Records for this exercise below:
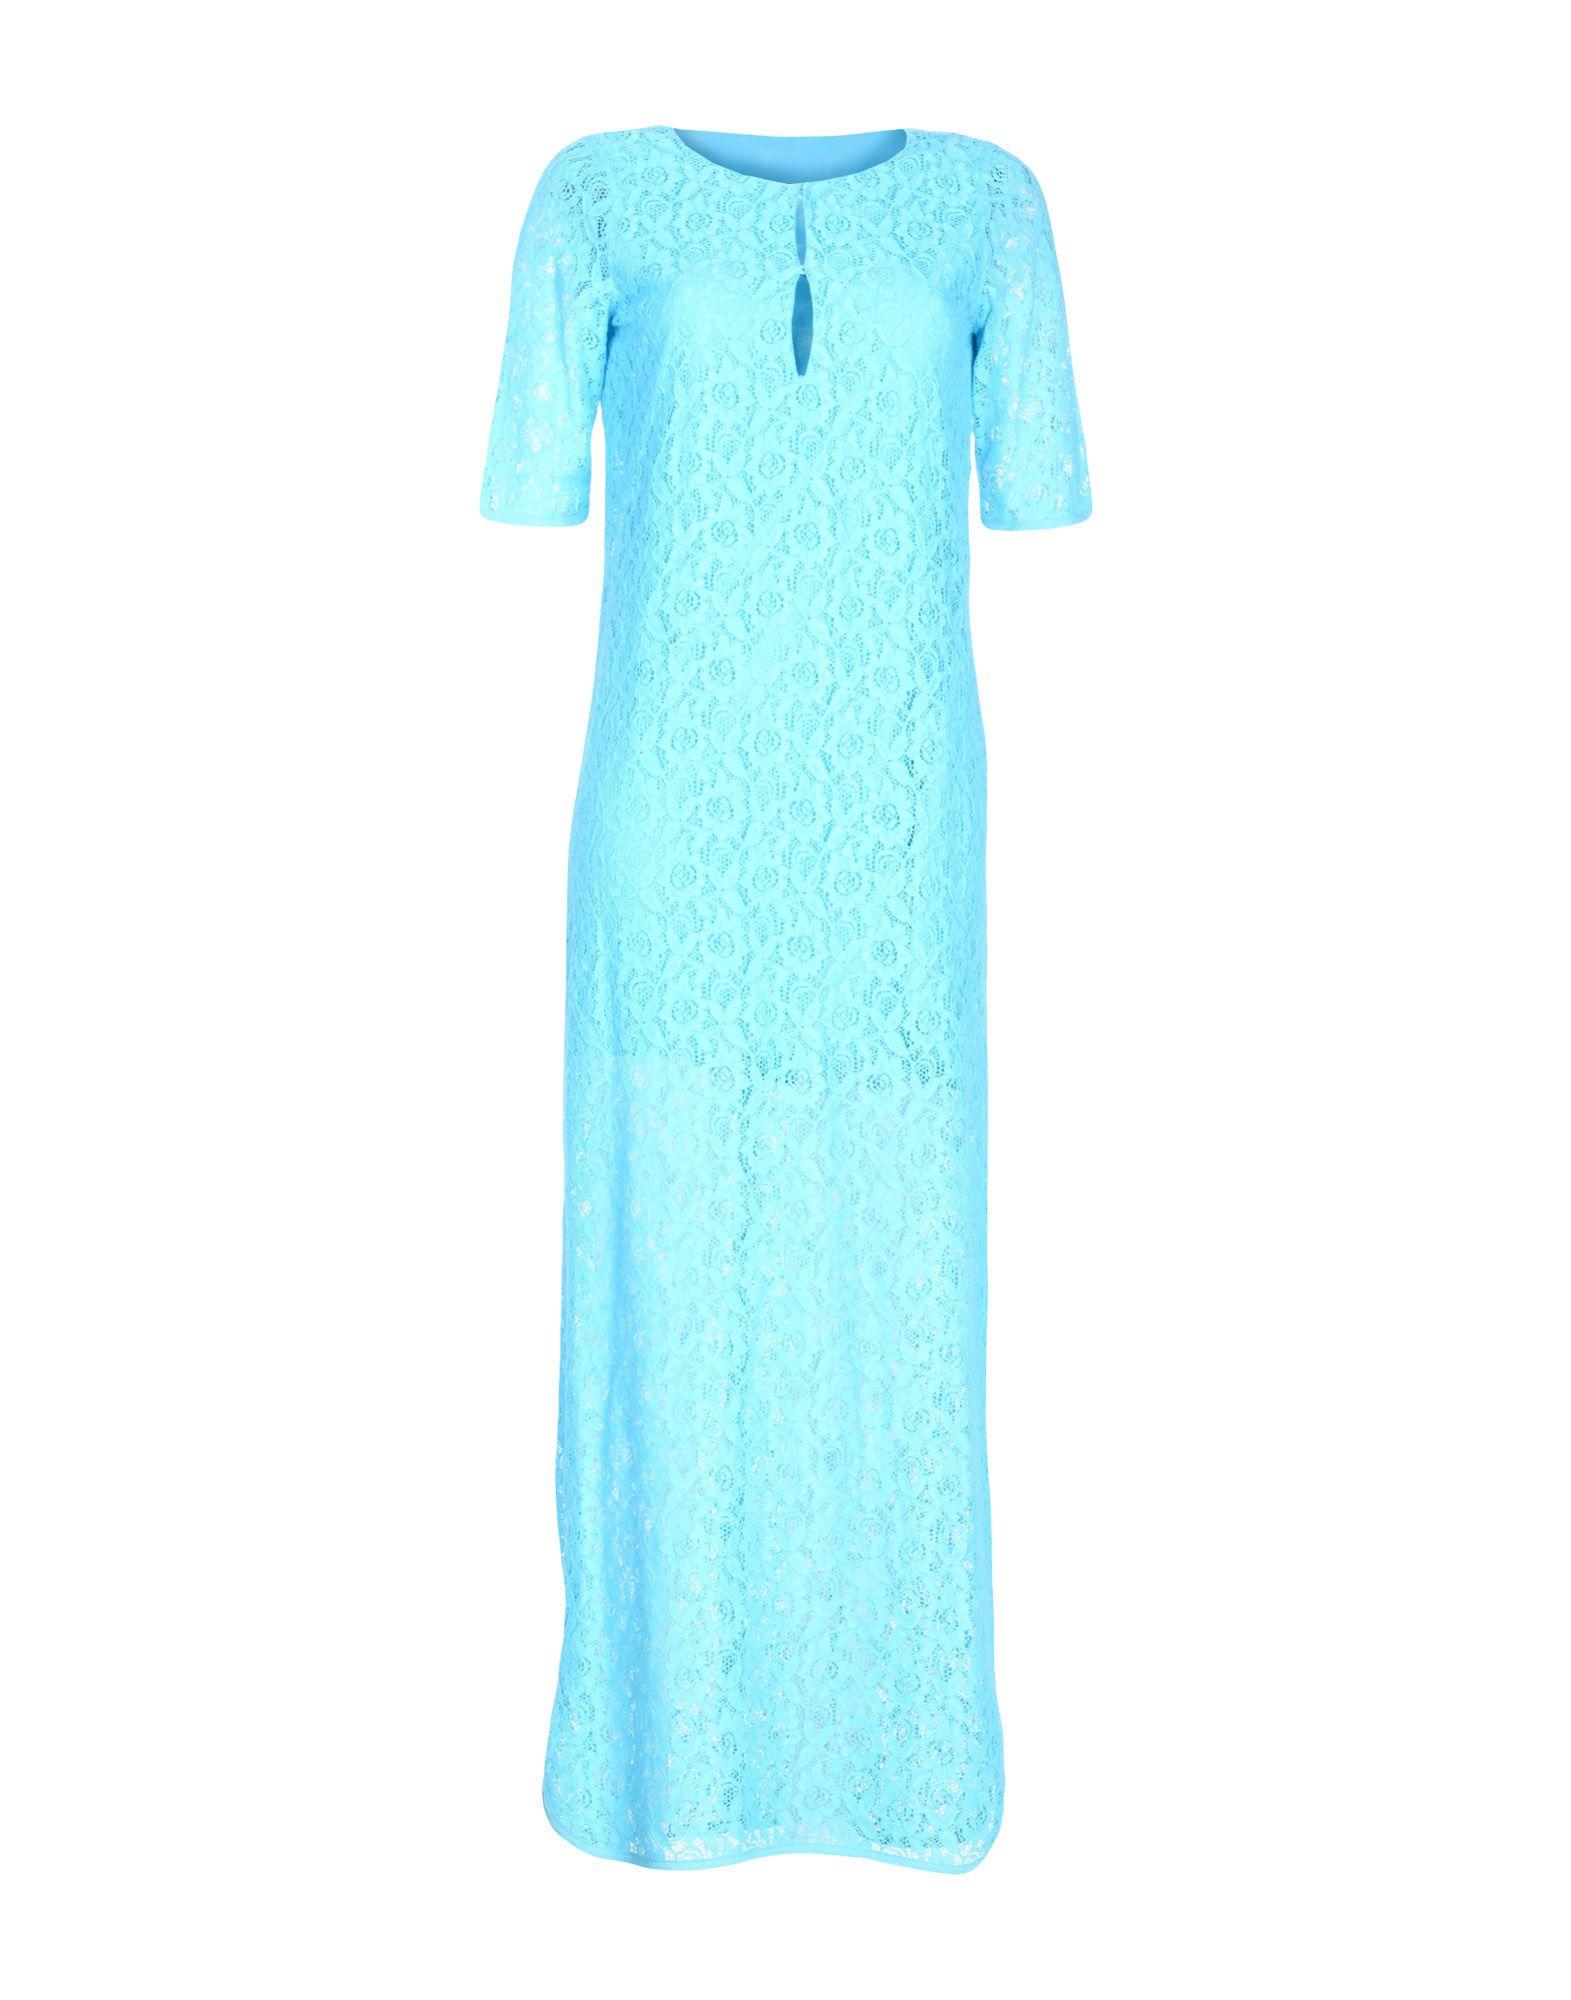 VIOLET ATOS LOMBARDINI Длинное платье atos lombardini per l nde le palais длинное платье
End of Records for this exercise.
Records for this exercise below:
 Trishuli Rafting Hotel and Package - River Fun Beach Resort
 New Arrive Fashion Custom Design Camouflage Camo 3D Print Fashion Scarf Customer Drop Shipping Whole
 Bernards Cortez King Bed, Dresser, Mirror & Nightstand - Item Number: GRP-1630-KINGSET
End of Records for this exercise.
Records for this exercise below:
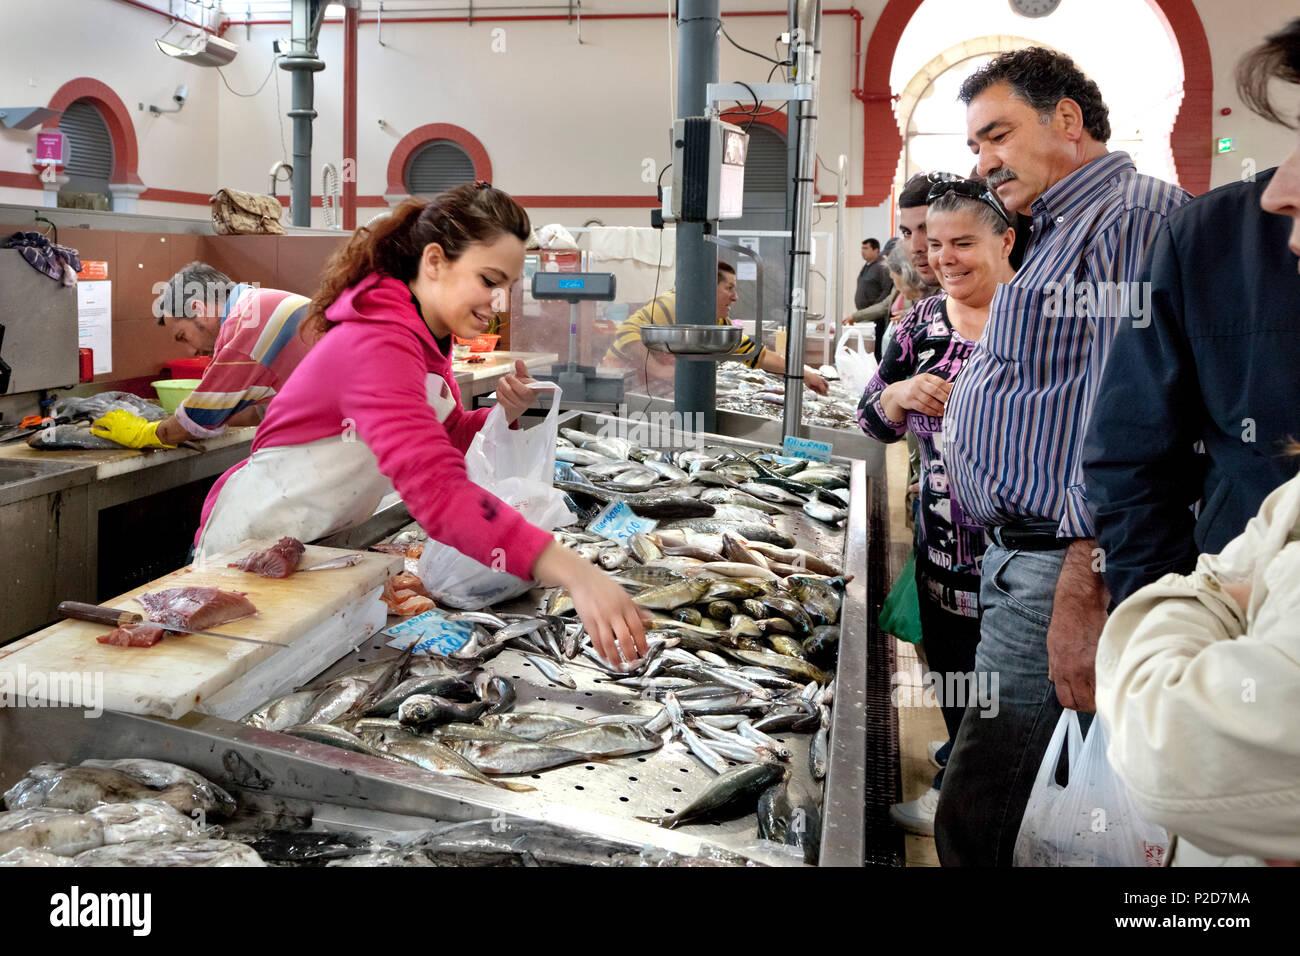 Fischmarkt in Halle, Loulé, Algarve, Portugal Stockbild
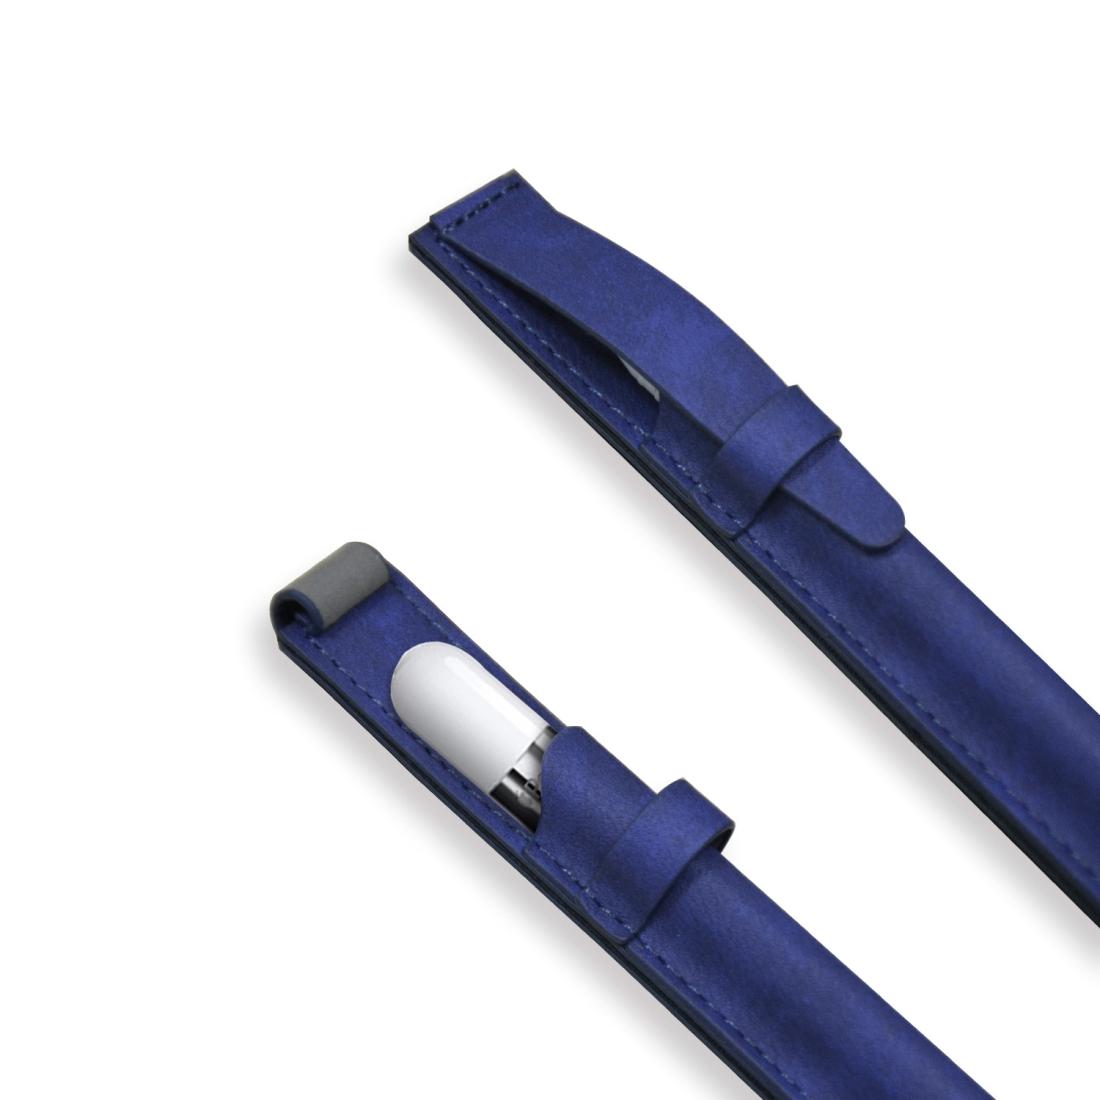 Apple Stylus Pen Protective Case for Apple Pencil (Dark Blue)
End of Records for this exercise.
Among the entries above, find the line with "Fischmarkt in Halle, Loulé, Algarve, Portugal" and repeat exactly from there through the line with "Apple Stylus Pen", leaving out the pictures.

 Fischmarkt in Halle, Loulé, Algarve, Portugal Stockbild
 Apple Stylus Pen Protective Case for Apple Pencil (Dark Blue)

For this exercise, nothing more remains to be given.